Assignment
Find "别墅装修设计师张桃生的绘画作品" below and begin at its line; stop after the line with "Titel: Erziehungsfunktion des". Output those lines exactly, without pictures.

Data section
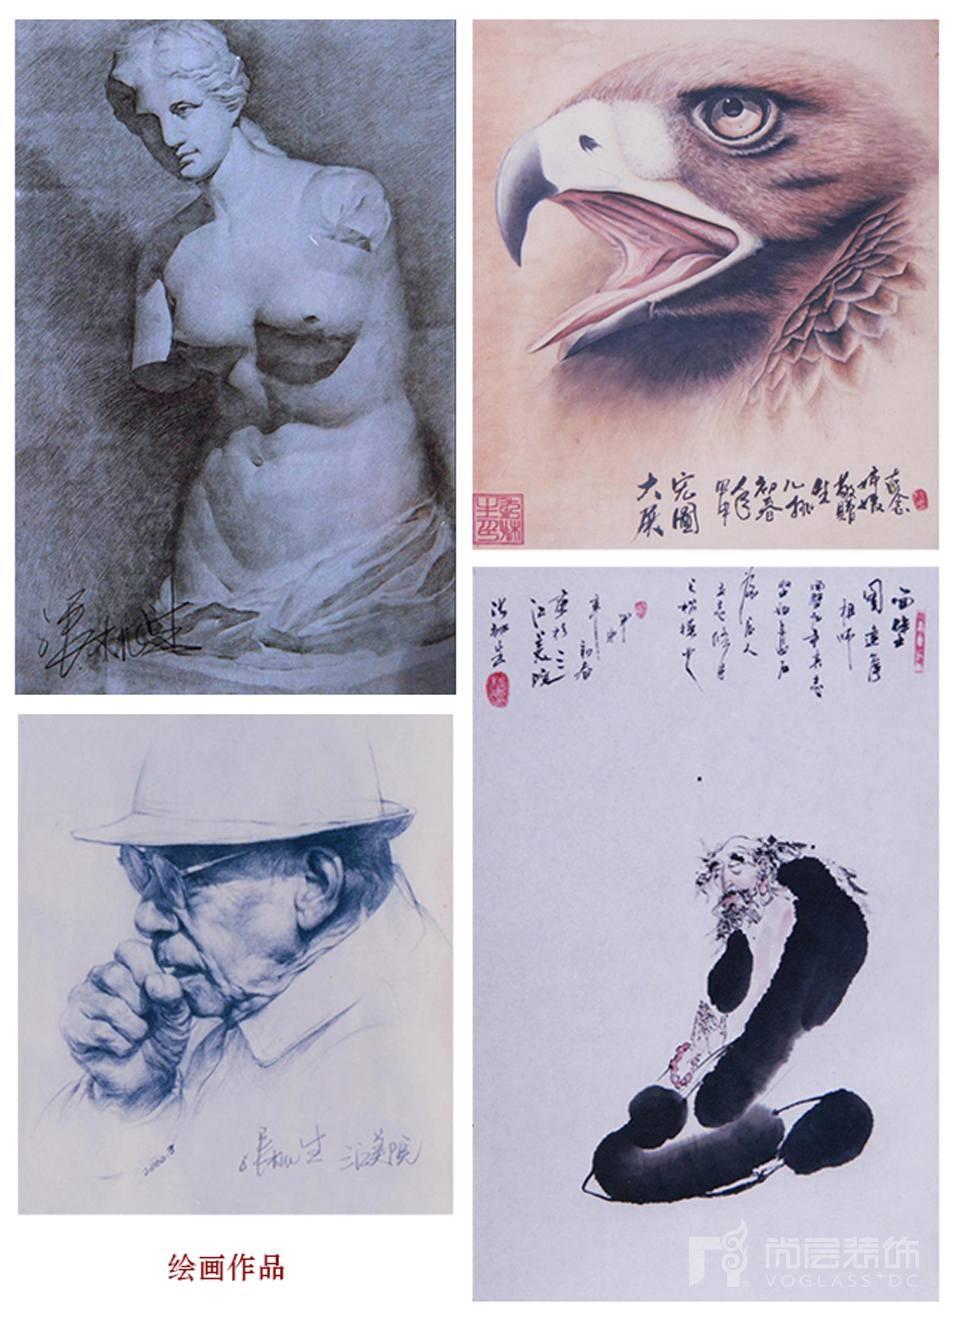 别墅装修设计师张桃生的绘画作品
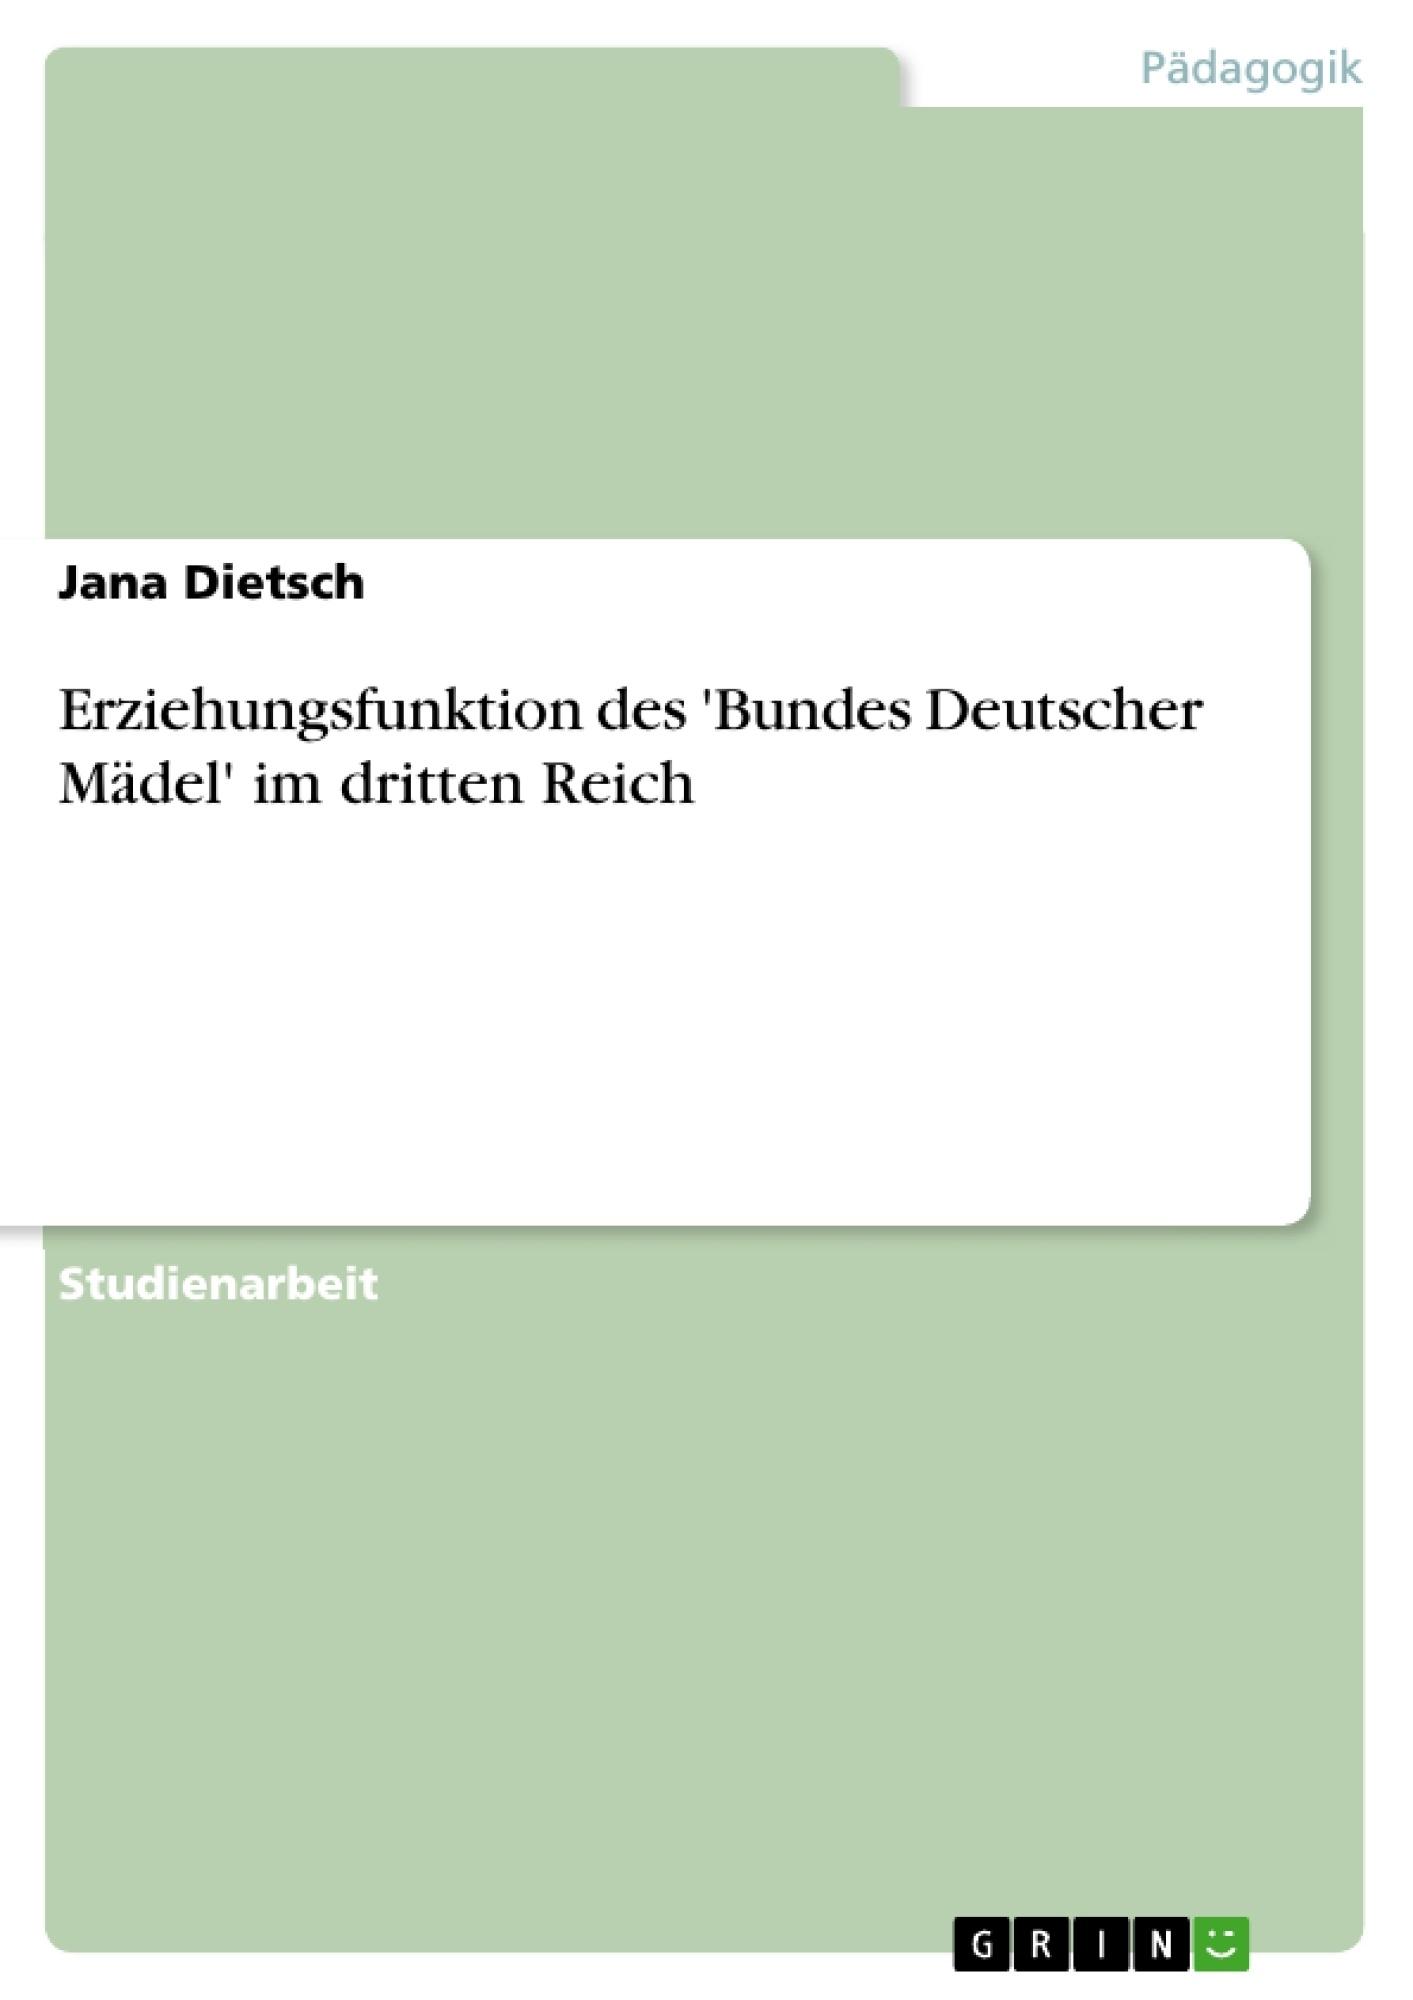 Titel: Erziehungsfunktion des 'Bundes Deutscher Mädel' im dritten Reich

* * *

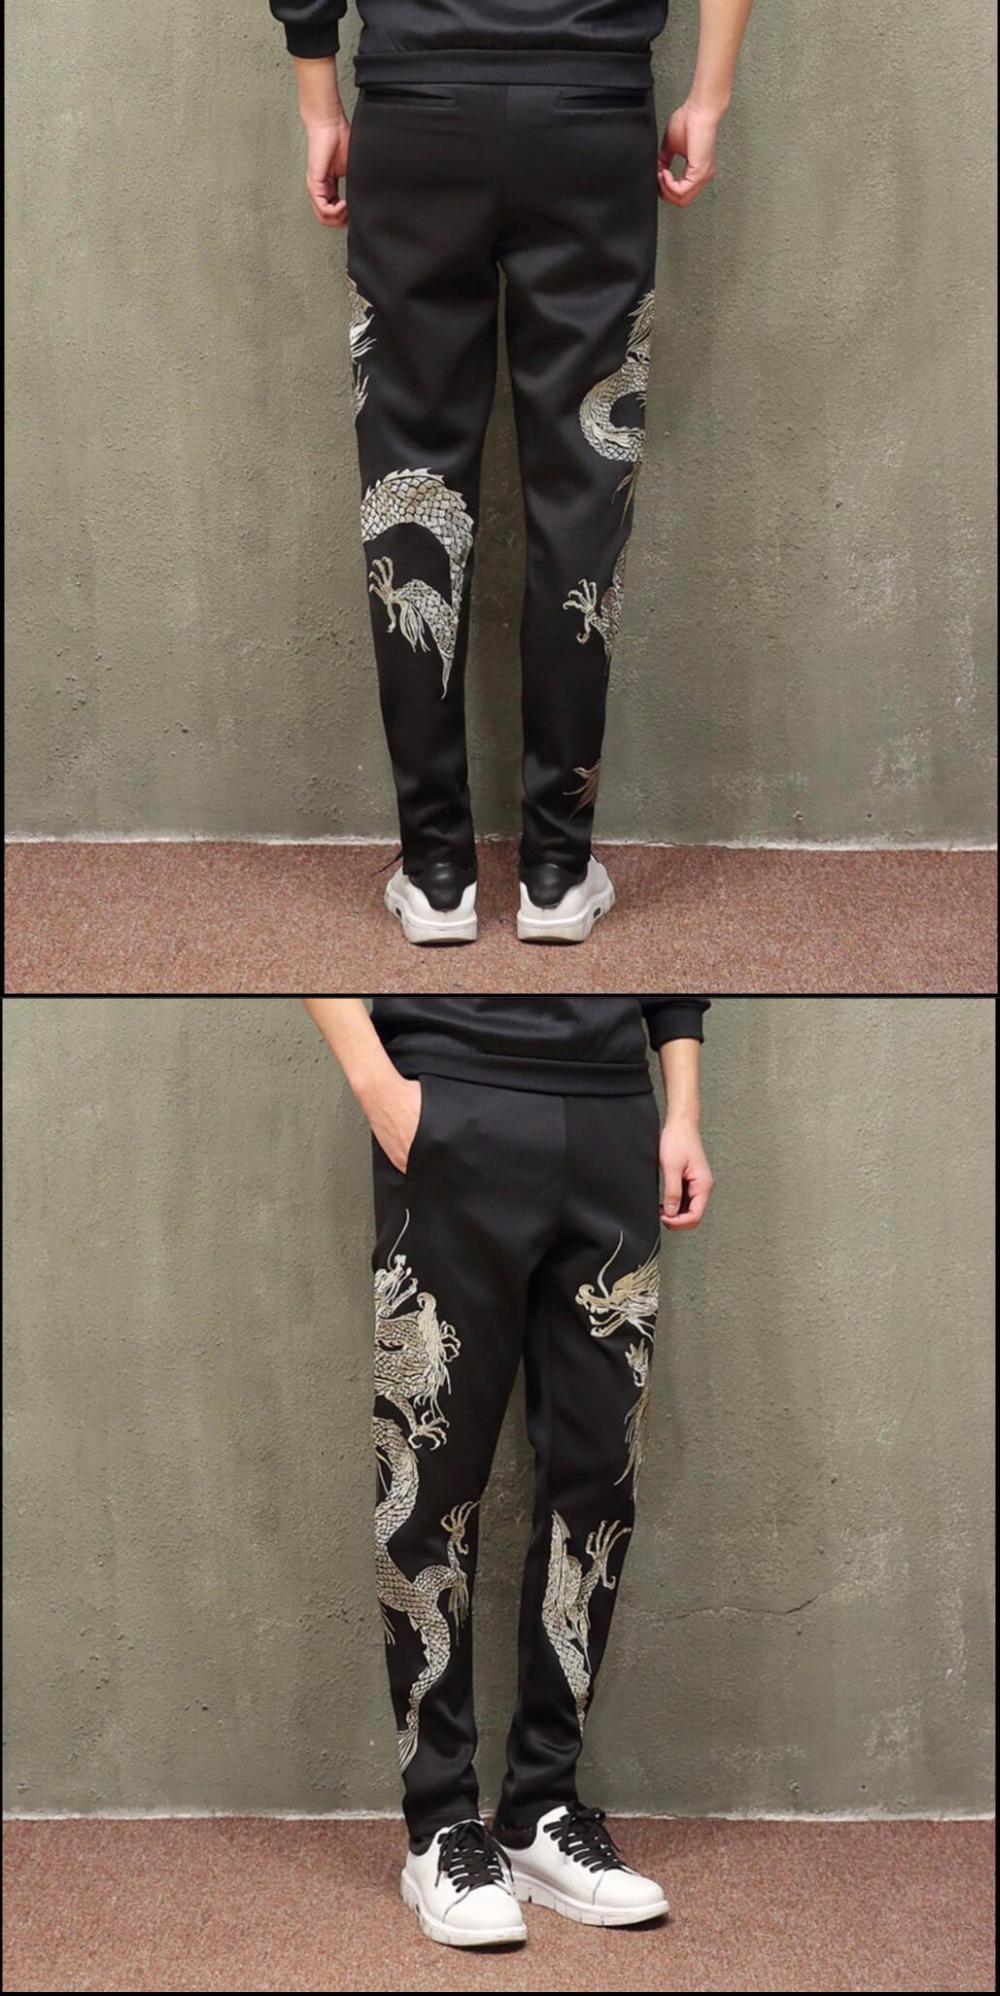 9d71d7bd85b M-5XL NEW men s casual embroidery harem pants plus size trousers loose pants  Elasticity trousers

Exercise answer
 别墅装修设计师张桃生的绘画作品
 Titel: Erziehungsfunktion des 'Bundes Deutscher Mädel' im dritten Reich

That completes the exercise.